“Bad Weather Forecast from Benito’s Gout” (May 16, 1943)
by Hugh McMillen Hutton (1897-1976)
20 x 22 in., ink and crayon on heavy board
Hugh M. Hutton (1897-1976) was an American editorial cartoonist who worked at the Philadelphia Inquirer for over 30 years.
Hugh Hutton grew up with an artistic mother. After attending the University of Minnesota for two years, Hutton enlisted in the armed forces and served in World War I. Hutton pursued coursework in art through correspondence school, the Minneapolis School of Art and the Art Students League.
He worked at the New York World from 1930 to 1932 and with the United Features Syndicate in 1932 and 1933, drawing illustrations and comic strips. Hutton relocated to Philadelphia and worked as the cartoonist at the Public Ledger in 1933 and 1934. He became the Philadelphia Inquirer’s editorial cartoonist in April 1934, where he stayed throughout his career, retiring in 1969.
Mussolini, the father of fascism, partnered with Hitler in 1936.
Mussolini’s dreams of waging a short war almost independently from Hitler faded away during 1941 in the snows of Greece. His main concern became how to secure an important place for Italy in a German-dominated Europe. Hitler blamed his need to go rescue the Italians on the Greek front for delaying his invasion of Russia.
As the war turned against Germany, Mussolini wanted to find a political solution to the conflict by negotiating a separate peace agreement with Moscow.
May 10, 1943: On the day that the Enabling Act of 1933 was set to expire by its terms, Adolf Hitler signed an order extending his dictatorship indefinitely. Published in the Reich Law Gazette, the decree stated “The Reich government will continue to exercise the powers bestowed on it by virtue of the law of March 24, 1933. I reserve for myself the obtaining of a confirmation of these powers of the Reich government by the Greater German Reichstag.”
Following the defeat of the Axis Powers in North Africa in May 1943, there was disagreement between the Allies as to what the next step should be. The British Prime Minister, Winston Churchill, in particular wanted to invade Italy, which in November 1942 he called “the soft underbelly of the axis.” Popular support in Italy for the war was declining, and he believed an invasion would remove Italy, and thus the influence of Axis forces in the Mediterranean Sea, opening it to Allied traffic.
When it became clear that no cross-channel invasion of occupied France could be undertaken in 1943, the US agreed to invade Sicily, with no commitment made to any follow-up operations. However, both Churchill and FDR accepted the necessity of Allied armies continuing to engage the Axis in the period after a successful campaign in Sicily and before the start of one in northwest Europe.

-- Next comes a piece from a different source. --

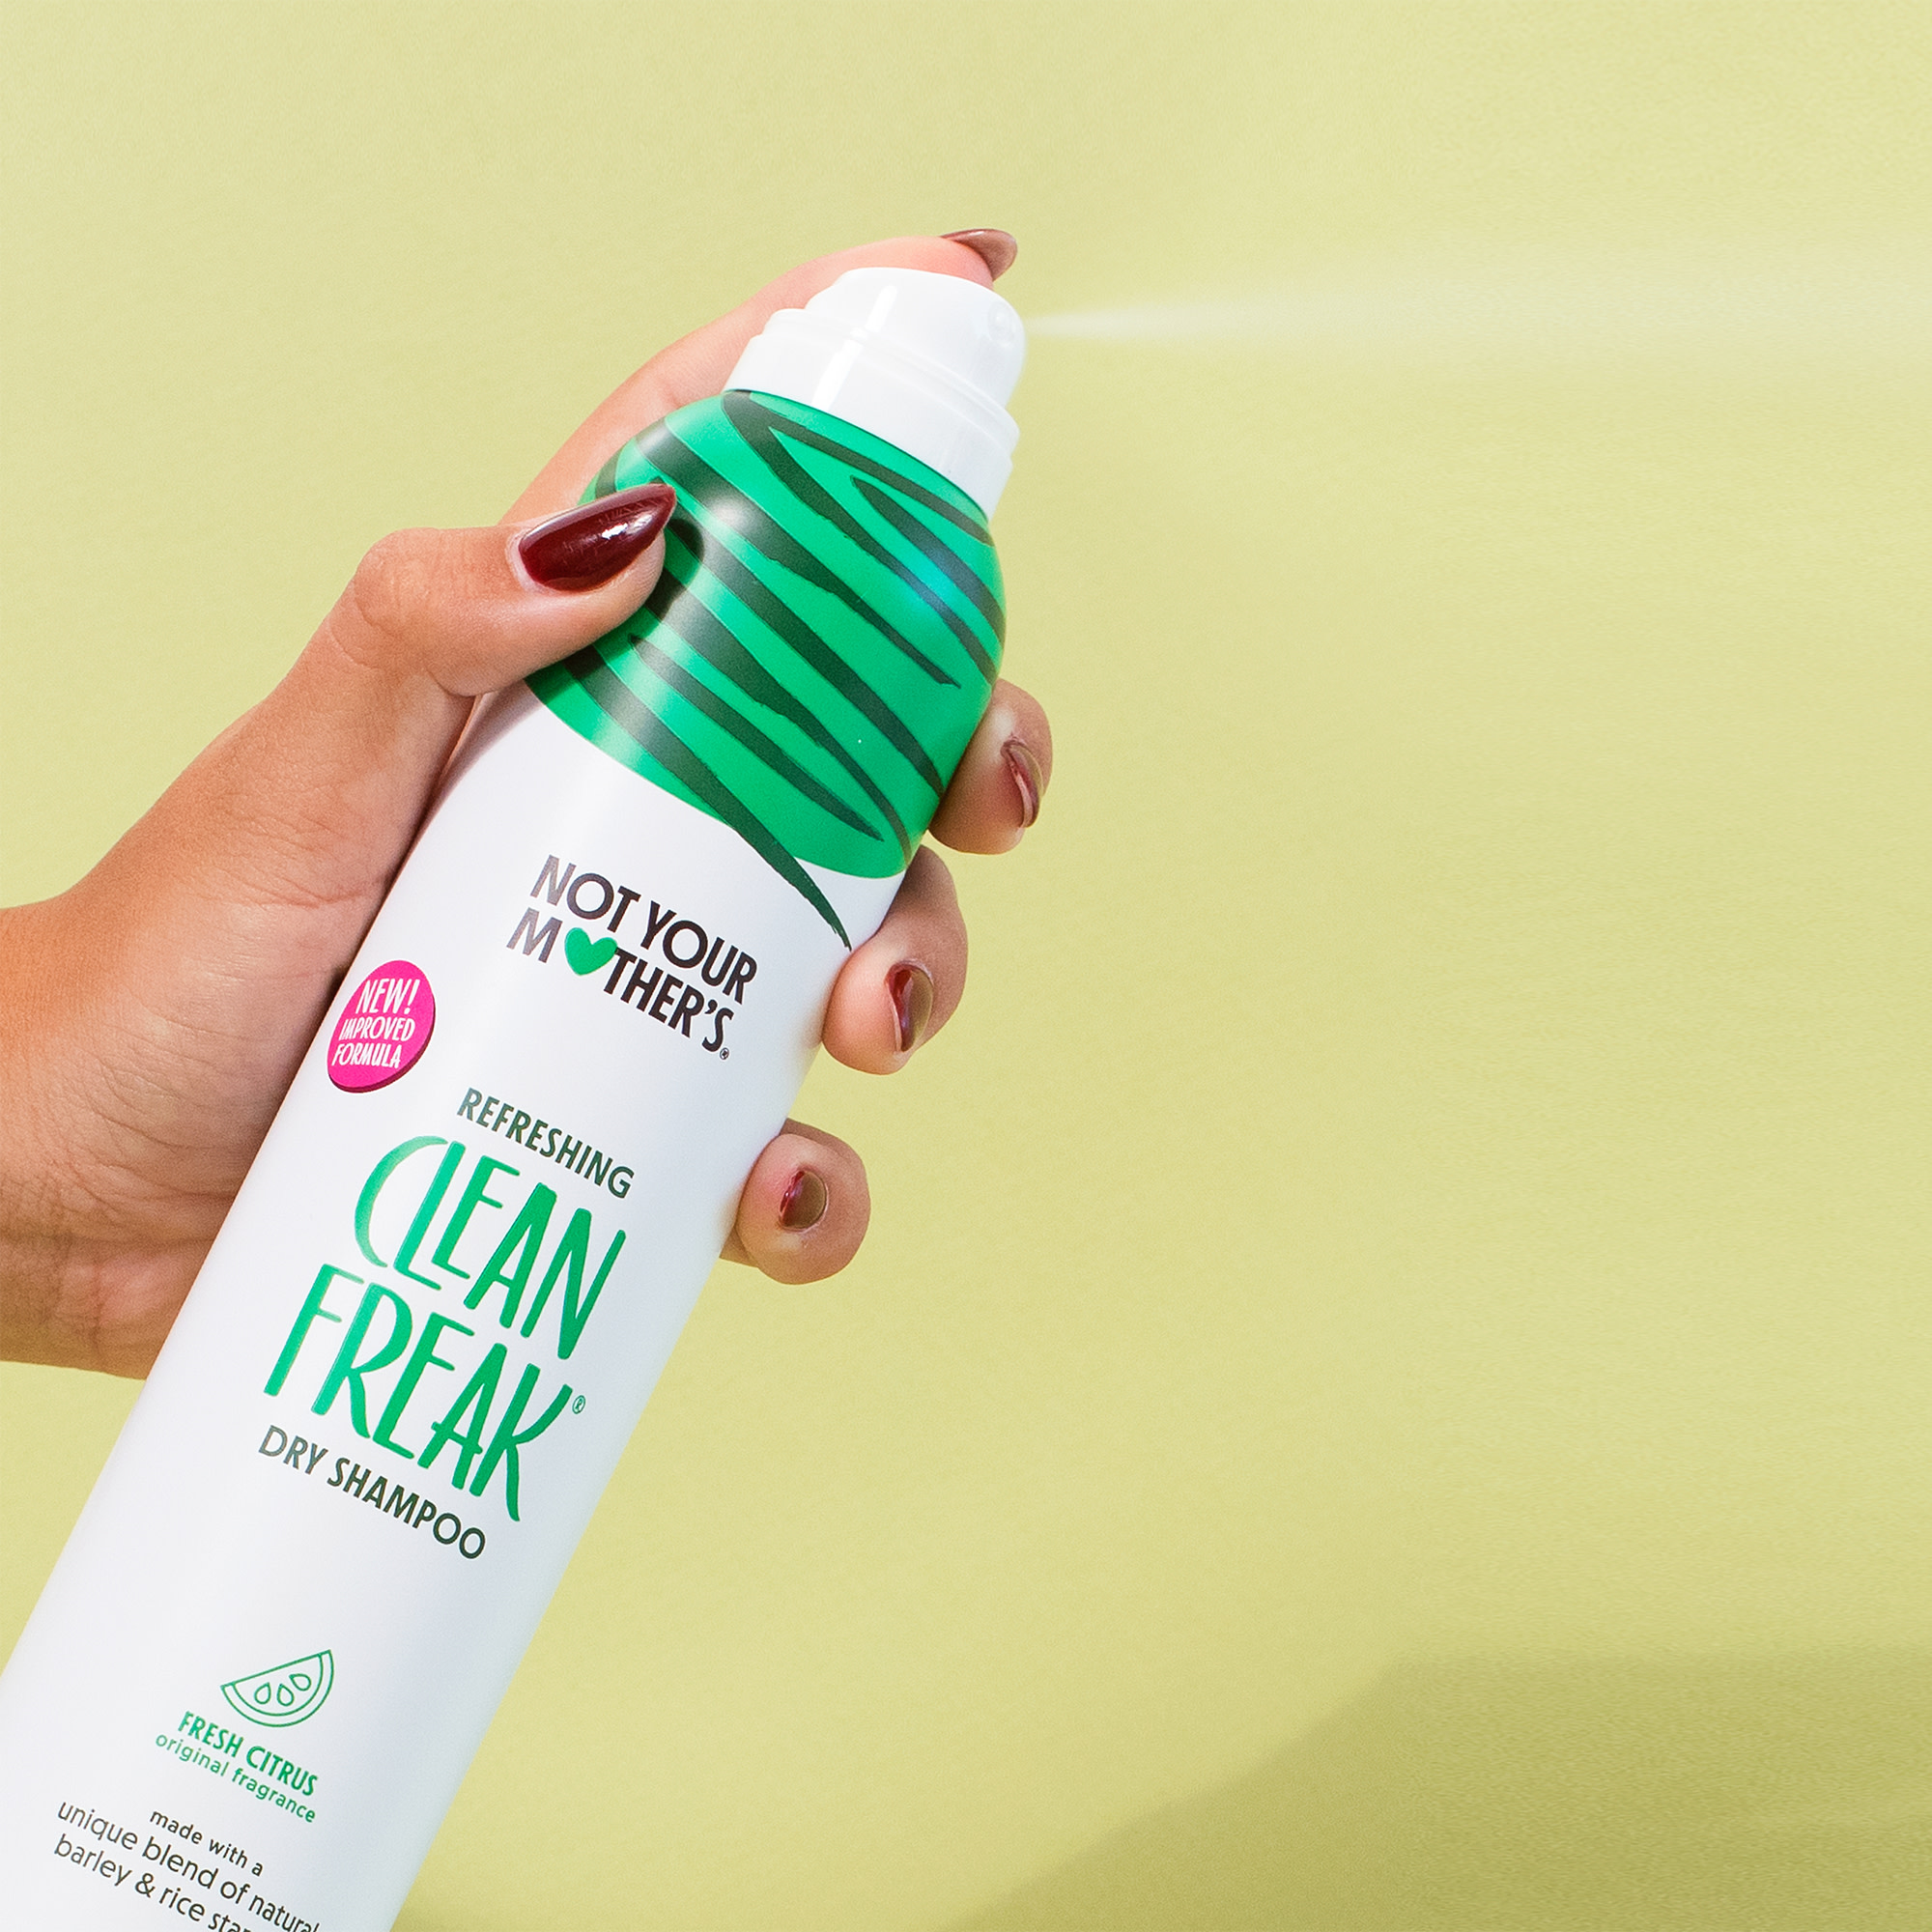 Not Your Mother's Clean Freak Refreshing Dry Shampoo, 7 oz - image 4 of 10
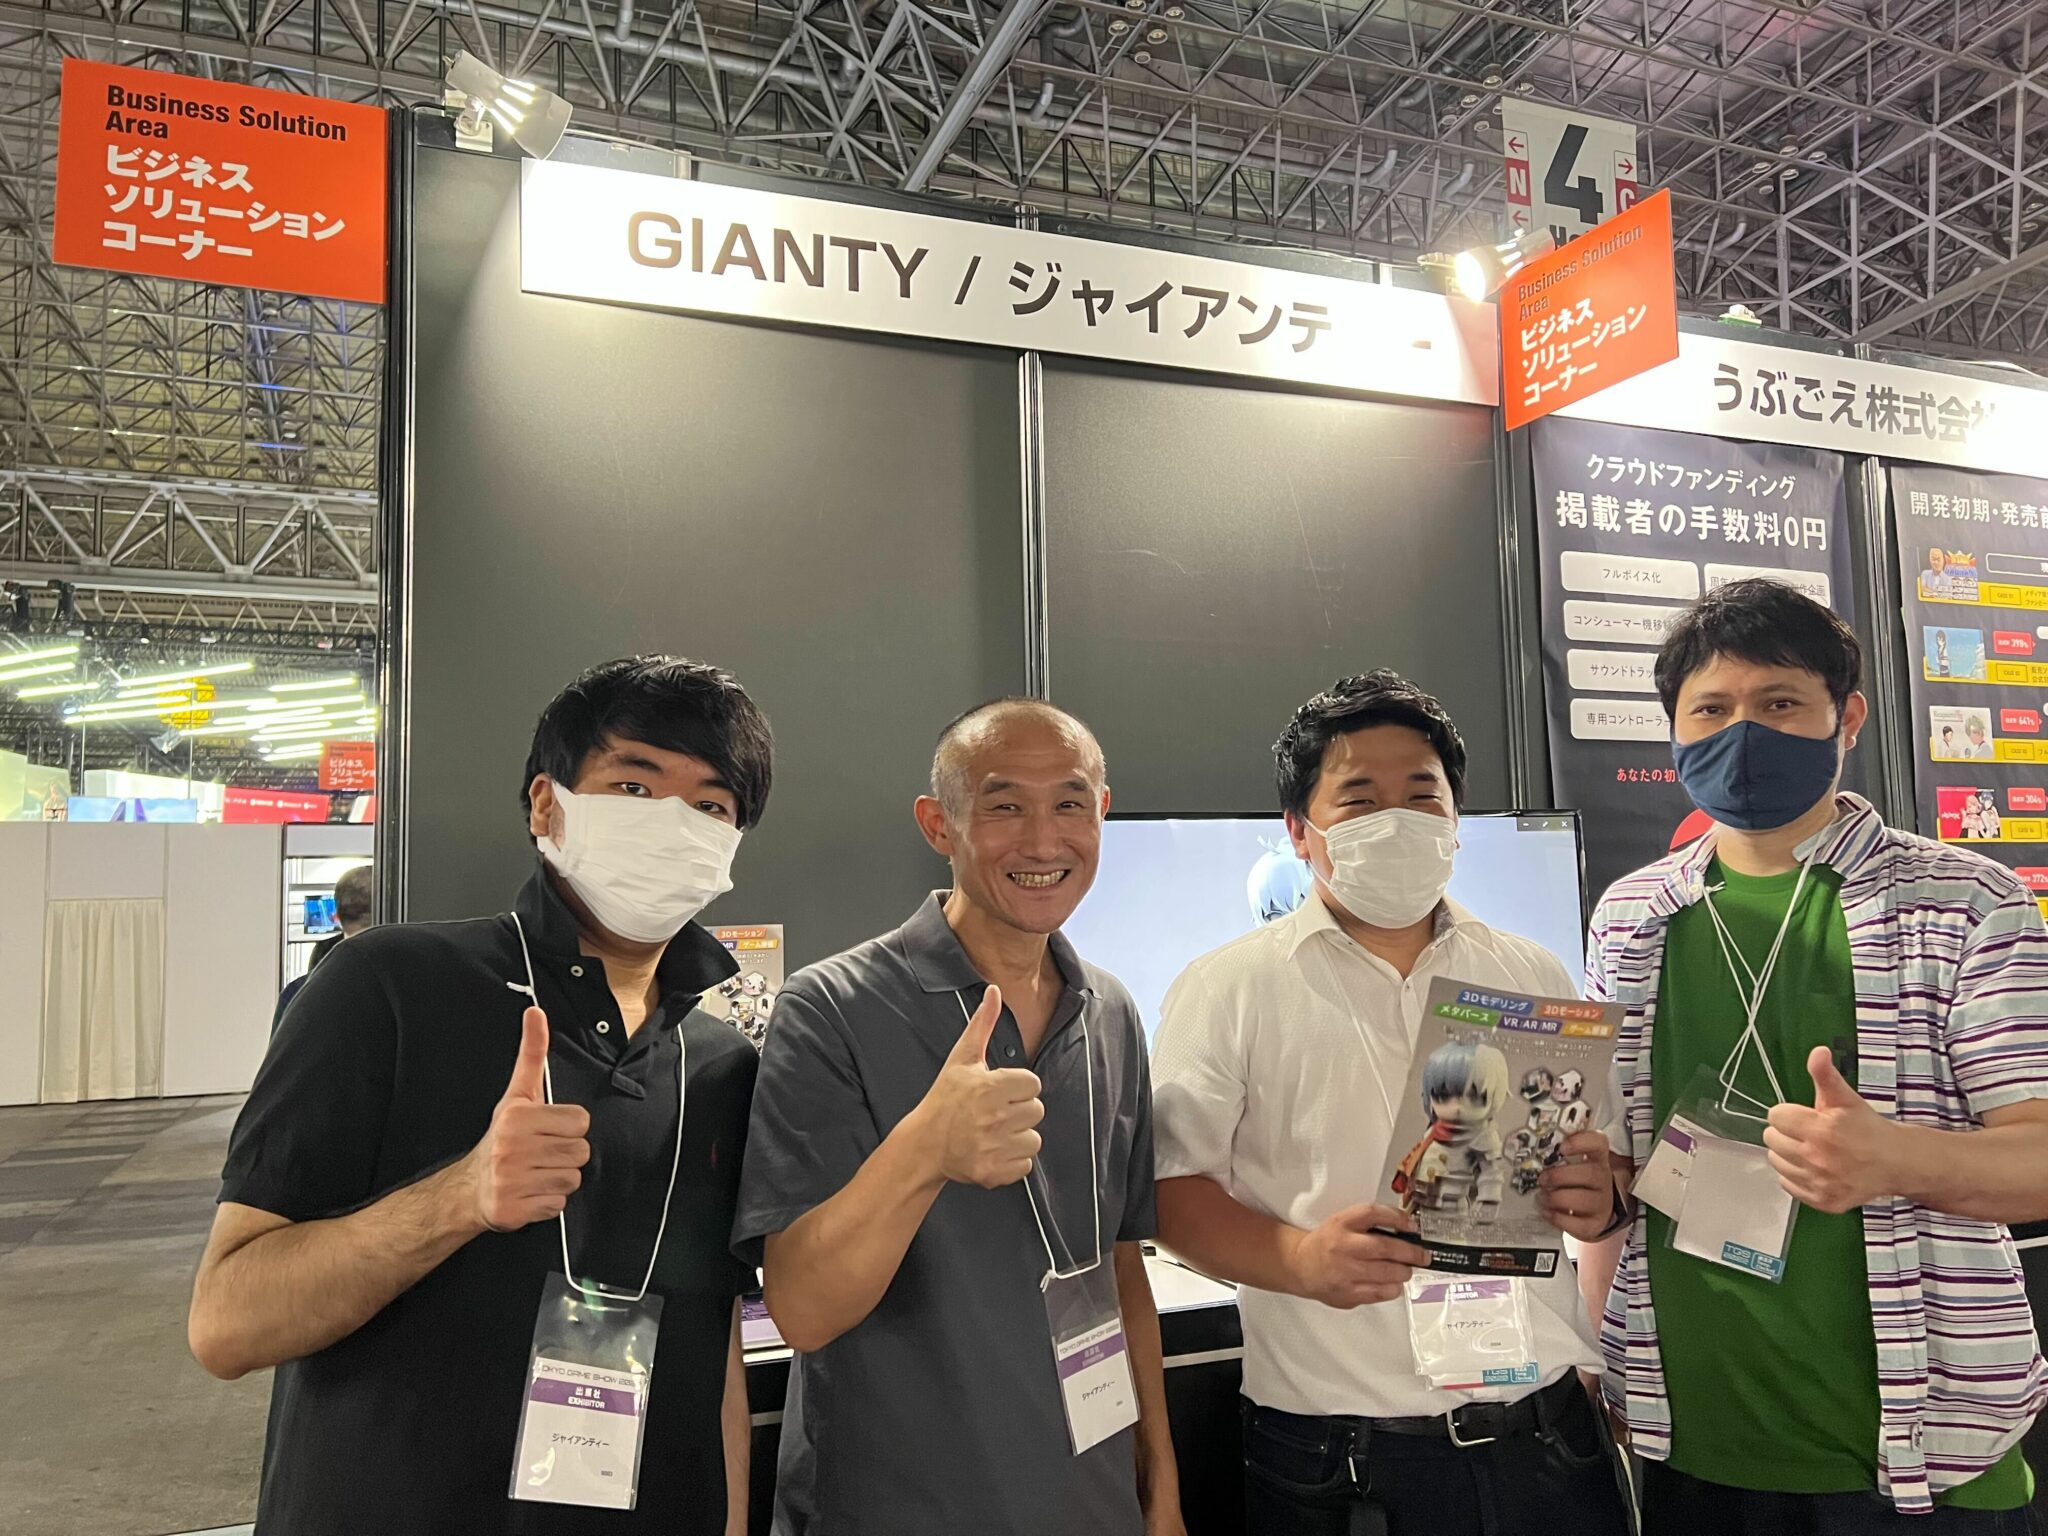 GIANTY at Business Solution Area - Where developers meet and collaborate

With an Allied invasion of Italy imminent, Pope Pius XII sent an appeal to FDR, asking that American bombers spare the destruction of Rome, noting that its “many treasured shrines of religion and art” were “the precious heritage not of one people but of all human and Christian civilization”
By mid-June, 1943, the war was all but lost for the Italians. The Italian population was alienated, and the Grand Council and the king were pressing Mussolini to negotiate a way out of the war.
In late June, Mussolini was continuing his psychological contest with Hitler. On July 1, 1943, against the Hitler’s wishes, Mussolini met with the Romanian deputy premier, Antonescu, with whom he agreed to promote the long-debated inter-Axis conference (and a Nazi-Soviet settlement, which was of no interest to Hitler).
Allied forces landed in Sicily starting on July 10, 1943 and moved northward. Support for the war and for Mussolini had dropped substantially, and he was ousted on July 25, 1943. On September 3, an armistice was reached between the new government of Italy and the Allies. Hitler was already in the north of Italy, and the Italian peninsula became a contested war zone.
On October 13, 1943, one month after Italy surrendered to the Allies, it declared war on its one-time Axis partner, Nazi Germany.